INFORMATION SUPPLIED:
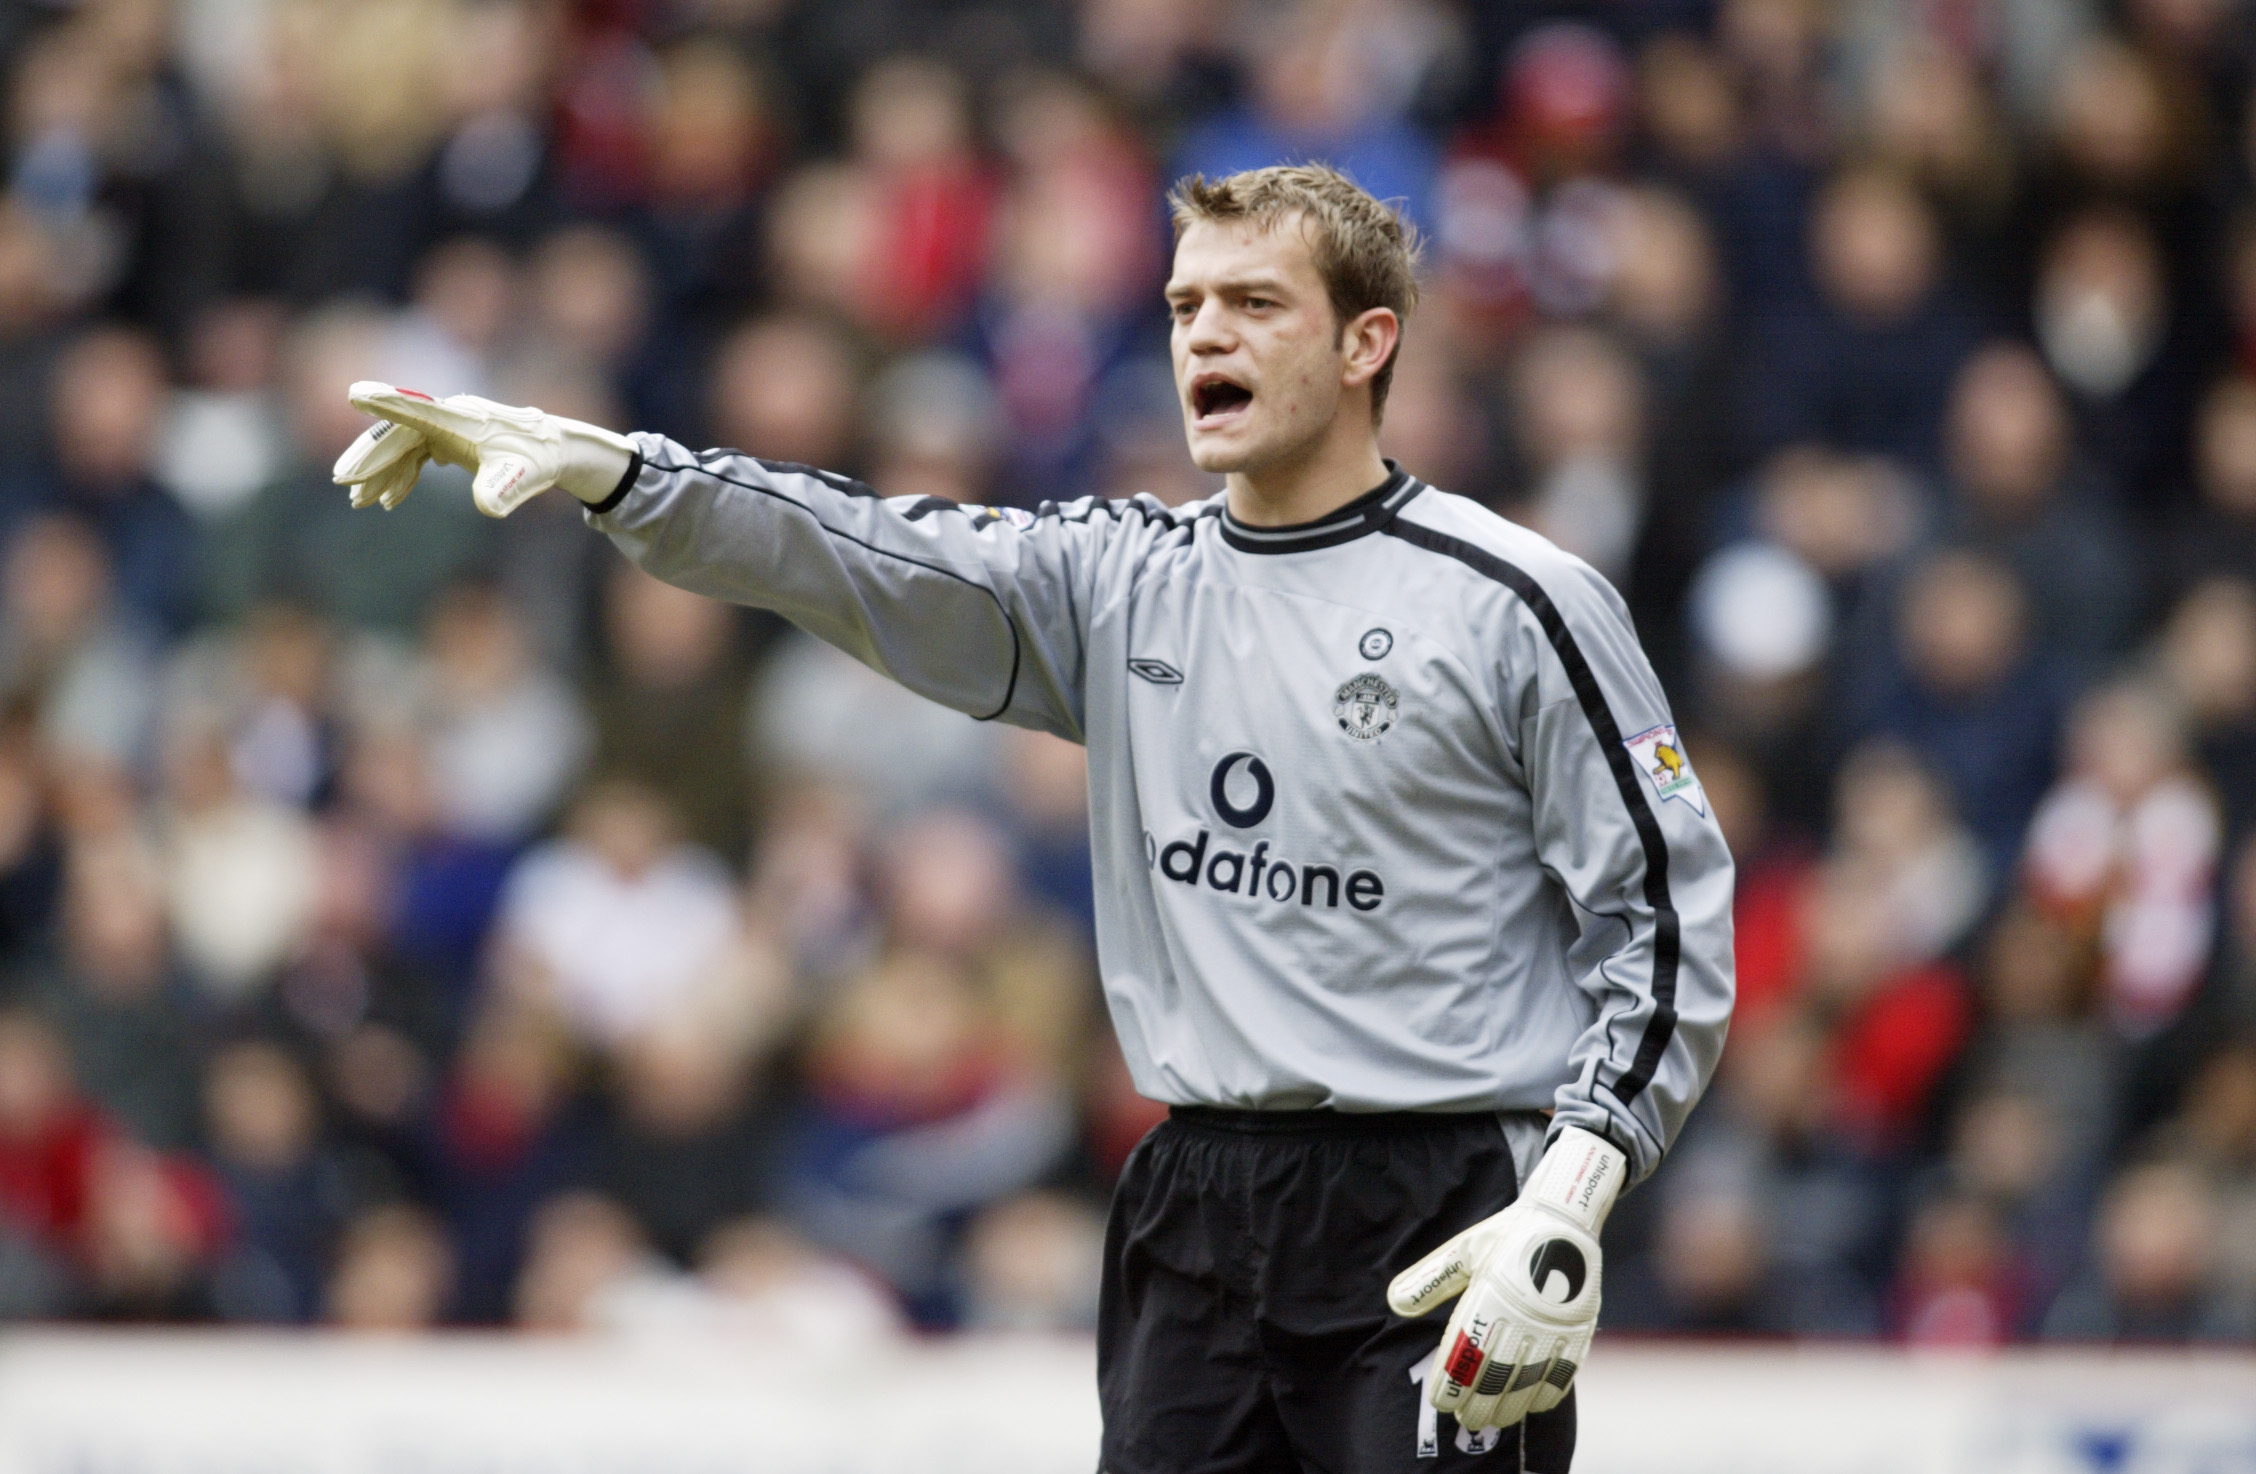 10 Feb 2002:  Roy Carroll of Manchester United in action during the FA Barclaycard Premiership match against Charlton Athletic played at The Valley, in London. Manchester United won the match 2-0. DIGITAL IMAGE. \ Mandatory Credit: Phil Cole/Getty Images
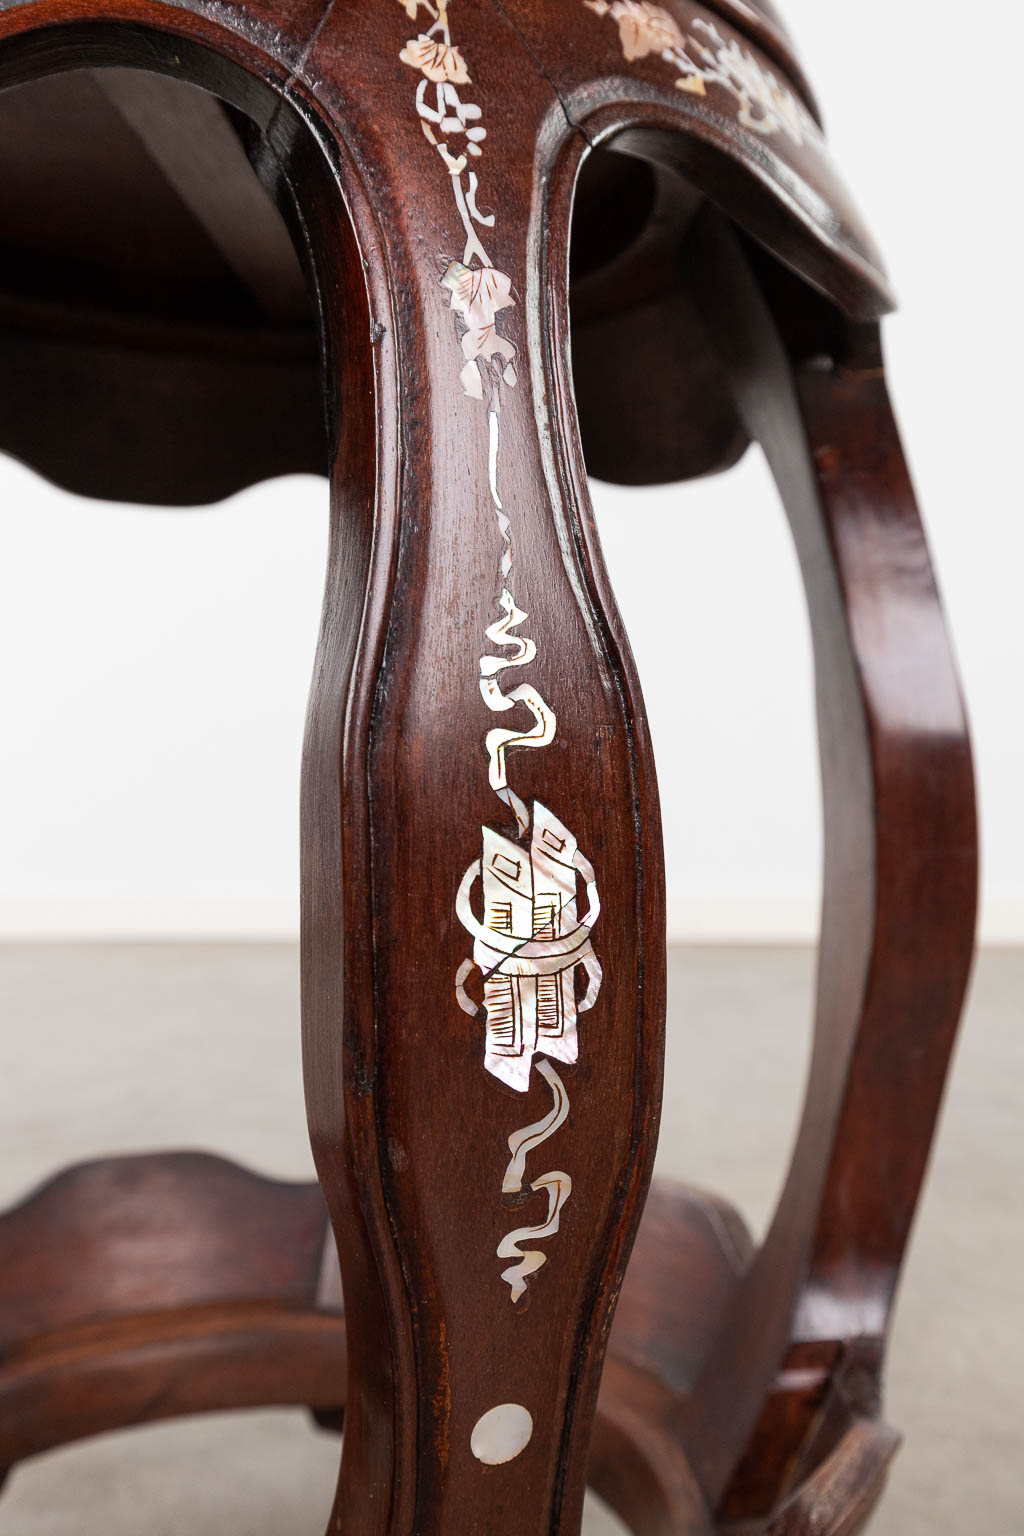 A Chinese hardwood stand, inlaid with mother of pearl. (H: 46 x D: 40 cm)
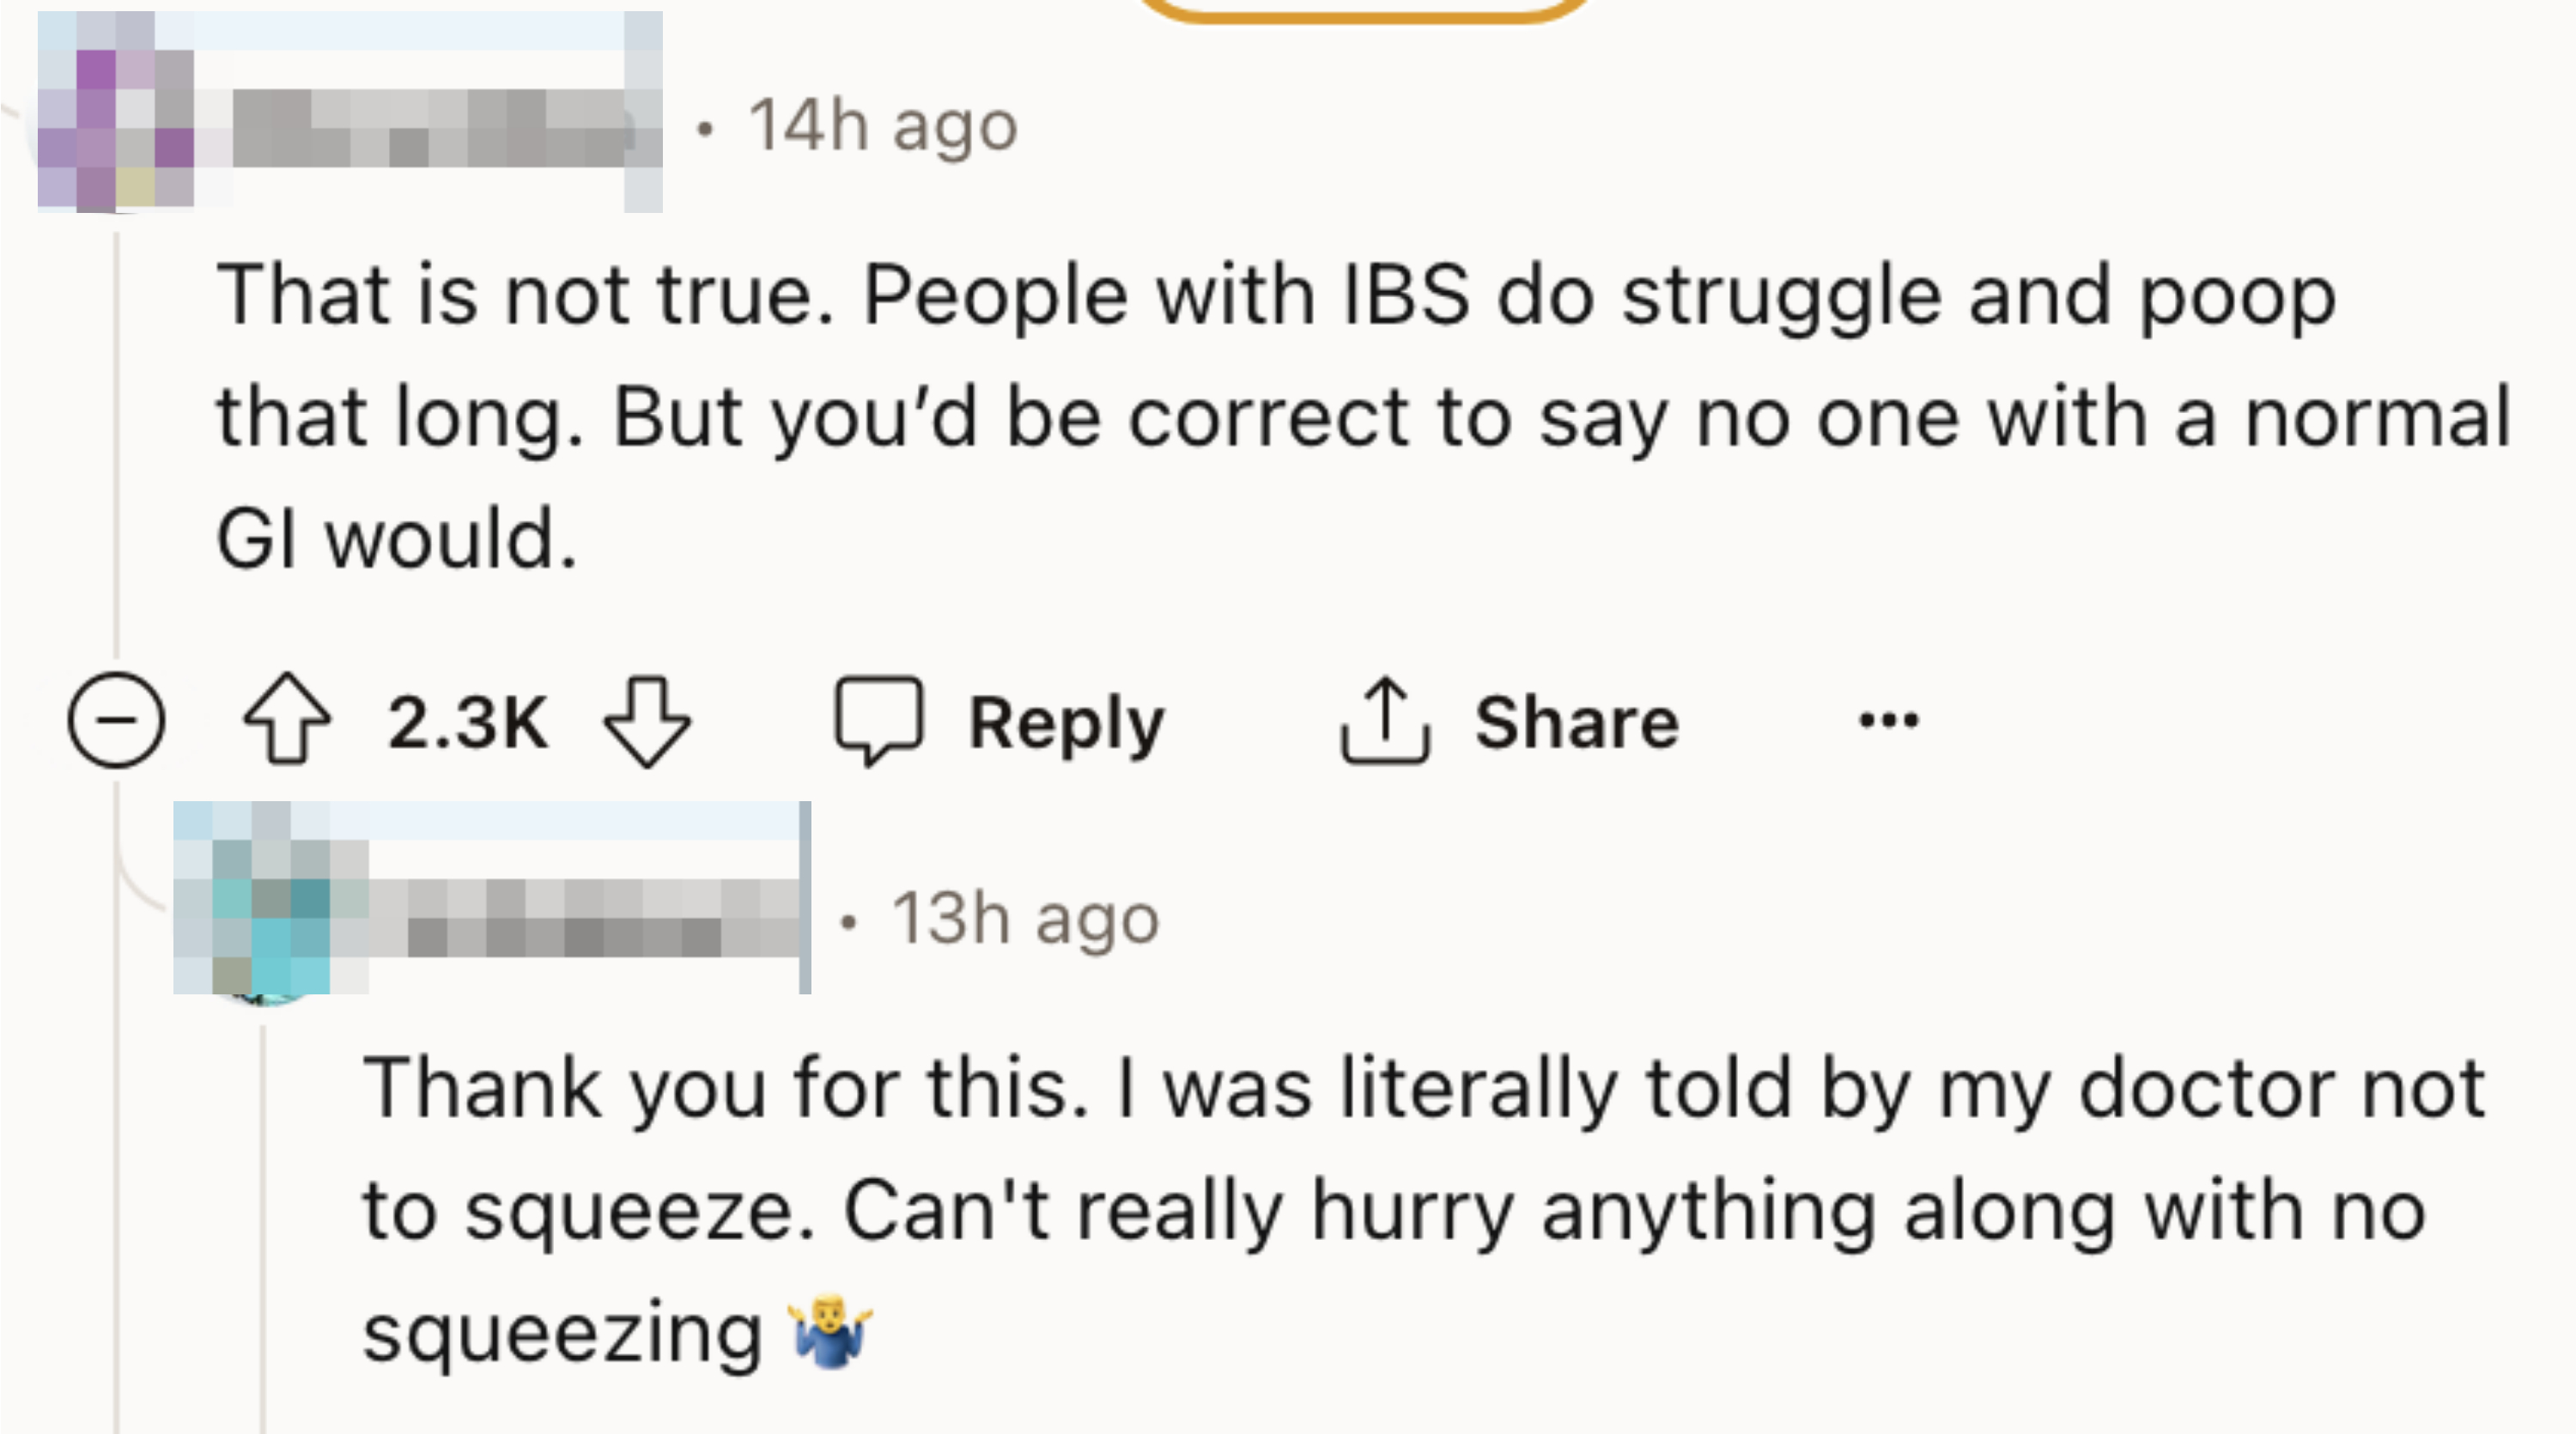 Comments arguing that people with IBS poop that long and that doctors tell you not to squeeze

TO DO:
From the line containing "A Chinese hardwood" to the end of the data above, give those lines again verbatim, with both endpoints included and no images.

ANSWER TO THE EXERCISE:
 A Chinese hardwood stand, inlaid with mother of pearl. (H: 46 x D: 40 cm)
 Comments arguing that people with IBS poop that long and that doctors tell you not to squeeze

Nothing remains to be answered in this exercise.